## Getting Started

### Load the dataset
Let's start by reading the dataset. It's stored in a CSV file with 4 columns.

In [1]:
import pandas as pd
df = pd.read_csv("01_Getting_Started.csv")
df.head(10)

Unnamed: 0,id,season,day_of_week,nb_customers
0,0,winter,0,-1.370776
1,0,winter,1,-1.335633
2,0,winter,2,-1.212632
3,0,winter,3,-1.072061
4,0,winter,4,-0.738203
5,0,winter,5,0.105228
6,0,winter,6,-0.650345
7,1,summer,0,0.351229
8,1,summer,1,0.439086
9,1,summer,2,0.4918


### Explore the dataset
If we group the table by `id`, we obtain many time series, each of which has length 7. For example, let's look at the first two time series in the dataset.

In [2]:
for i, grp in df.groupby("id"):
    if i == 2:
        break
    display(grp)

Unnamed: 0,id,season,day_of_week,nb_customers
0,0,winter,0,-1.370776
1,0,winter,1,-1.335633
2,0,winter,2,-1.212632
3,0,winter,3,-1.072061
4,0,winter,4,-0.738203
5,0,winter,5,0.105228
6,0,winter,6,-0.650345


Unnamed: 0,id,season,day_of_week,nb_customers
7,1,summer,0,0.351229
8,1,summer,1,0.439086
9,1,summer,2,0.4918
10,1,summer,3,0.667515
11,1,summer,4,0.931087
12,1,summer,5,1.897518
13,1,summer,6,1.054087


First, we highlight a few properties of the dataset.
1. The `season` column is constant within each time series; this is because in this particular dataset, each 7-day window comes from either the summer sales event or the winter sales event at a retail outlet.
2. The `day_of_week` column is categorical and represents Monday through Sunday.
3. The `nb_customers` column is continuous and contains the (normalized) number of customers who visited each day.

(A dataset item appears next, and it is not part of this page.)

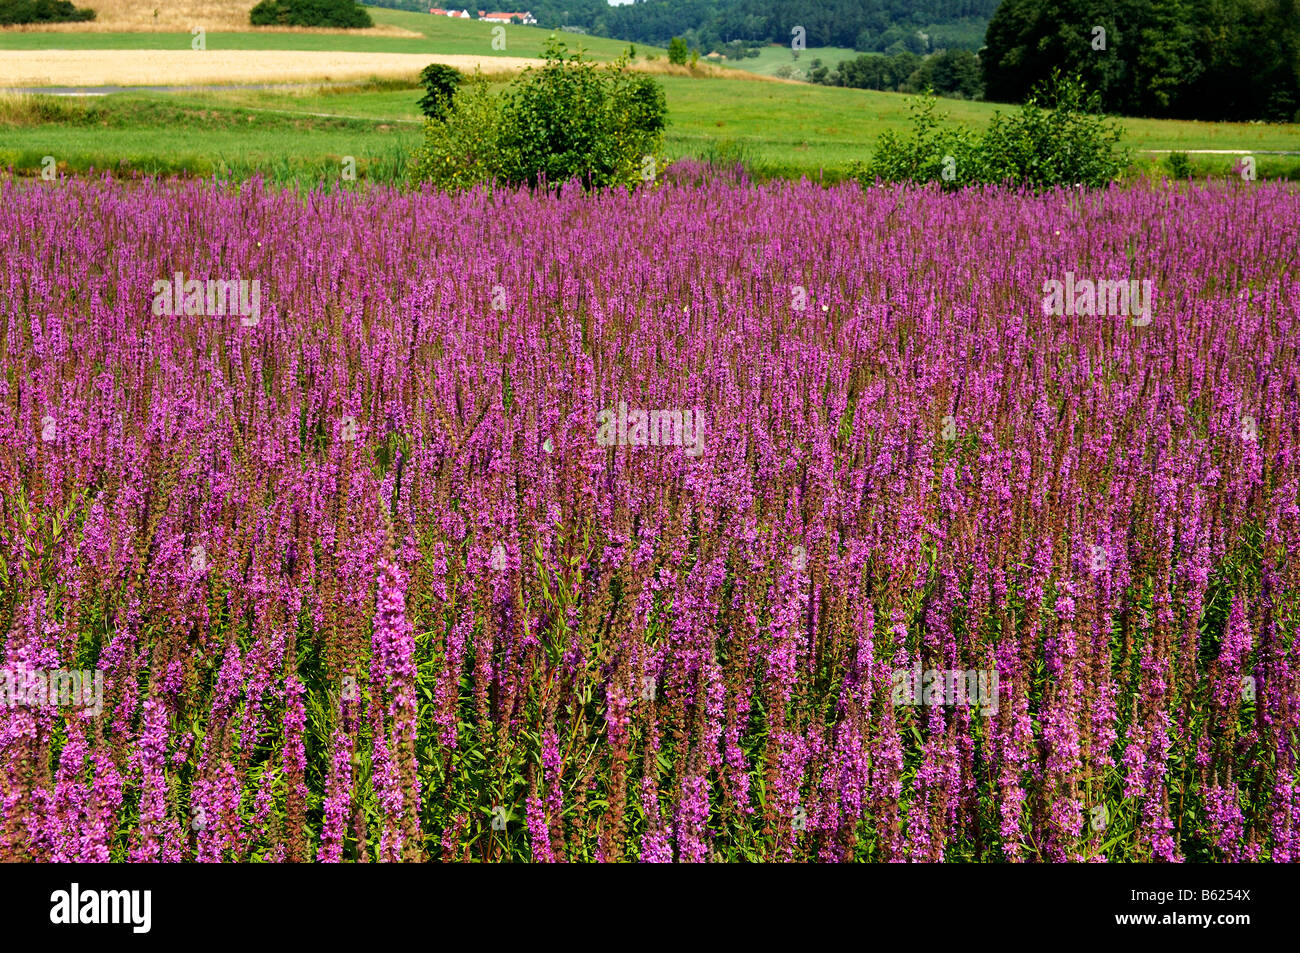 Purple-loosestrife (Lythrum salicaria) growing in a carp pond, Grossbellhofen, Middle Franconia, Bavaria, Germany, Europe Stock Photo

Then, we make some additional observations about the dataset:
1. The day of the week is always ascending from 0 to 6.
2. The number of customers always peaks on Saturday.
3. The number of customers is higher in summer than winter.

### Using the PAR Model
Now let's apply the probabilistic autoregressive model. From our exploration, we know that `season` is fixed - therefore, we will specify that it is a "context" column that the other columns will be conditioned on.

In [3]:
from deepecho import PARModel

model = PARModel(nb_epochs=1024)
model.fit(df, entity_columns=["id"], context_columns=["season"], dtypes={
    "season": "categorical",
    "day_of_week": "categorical",
    "nb_customers": "continuous"
})
model.sample(5)

Epoch 1023 | Loss -0.04456918314099312: 100%|██████████| 1024/1024 [01:54<00:00,  8.92it/s] 


Unnamed: 0,id,season,day_of_week,nb_customers
0,0,winter,0,-1.303901
1,0,winter,1,-1.268224
2,0,winter,2,-1.175574
3,0,winter,3,-0.951369
4,0,winter,4,-0.67099
5,0,winter,5,0.124725
6,0,winter,6,-0.824864
7,1,summer,0,0.46
8,1,summer,1,0.421911
9,1,summer,2,0.598174


Looking at this synthetic dataset, we see that the three observations we made before still hold true.

1. The day of the week is always ascending from 0 to 6.
2. The number of customers always peaks on Saturday.
3. The number of customers is higher in summer than winter.